Will this be the next trend in system monitoring? We wait and see.
4. Micro-Service
A key trend in online services is the MicroServices deployment model, which includes independent, cross-functional development teams that deploy and support their services during production. This strategy enables a large and complex application to be highly scalable. However, this greatly increases the number of servers and services that the devops/operations team needs to support, so the deployment model only works if the development team becomes a front-line support in the event of a problem.
In this model, OPS becomes a "platform" team that provides common tools and processes for the development team. The platform provided by this operation includes self-service monitoring, in which the developer must be able to independently add monitoring and create their own dashboards and alarms.
For companies that are easy to share monitoring data, the monitoring tool becomes a more valuable tool.
Keeping up with high-speed deployments in the MicroServices model and fast-changing instances is a huge challenge for old-fashioned monitoring tools. At the same time, it is not easy for Zabbix and Nagios itself to visualize complex task flows across services and to handle highly dynamic extensions. To add insult to error, it is clear that the current monitoring tools are not designed around the microservices model, and most of the usability is poor and the adoption rate is low outside the OPS team.

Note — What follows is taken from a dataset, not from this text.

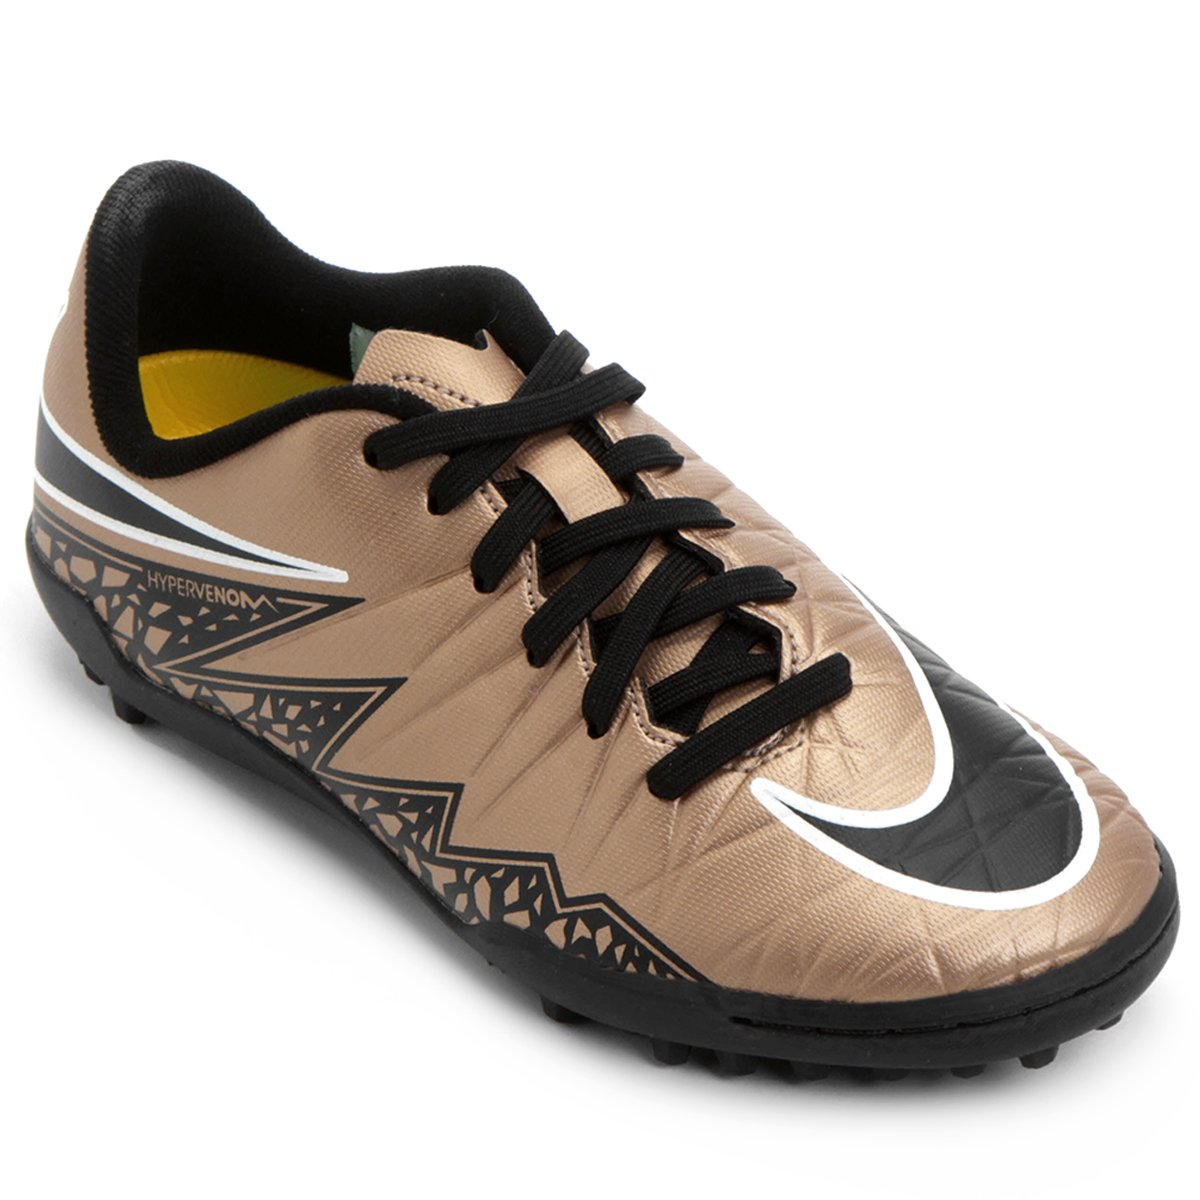 Chuteira Society Infantil Nike Hypervenom Phelon 2 TF - Compre Agora ... 3c37461877d6f

As a result, new monitoring models and tools require new monitoring tools specifically for microservices, so that operations and development teams can collaborate around the same performance data source rather than developers using their own tools (such as New Relic or OneAPM), while OPS uses its own tools such as Nagios and Zabbix), are isolated from each other.
Conclusion
In the four years following the "#monitoringsucks" event, a wide variety of monitoring tools emerged. But David Gildeh's research and our own research show that many companies are still struggling to monitor the field. We believe that the main reason is that many new monitoring tools tend to focus only on technical monitoring and are not enough to promote adoption outside the OPS team. And we believe that connecting development, operations and even other departments, through reliable monitoring, enables everyone in the enterprise to make decisions based on data, and is a trend for future IT teams to monitor their products.
[1] dzone Performance & monitoring Survey
[2] Http://www.slideshare.net/adriancockcroft/software-architecture-monitoring-microservices-a-challenge
Cloud Insight integrates monitoring, management, computing, collaboration and visualization to help all IT companies, especially small and medium-sized teams, reduce human and time cost inputs to system monitoring, simpler deployments, more comprehensive data, and better visualization, making operations more efficient and simple.
This article was transferred from OneAPM official blog
Who will be Zabbix and Nagios's successor?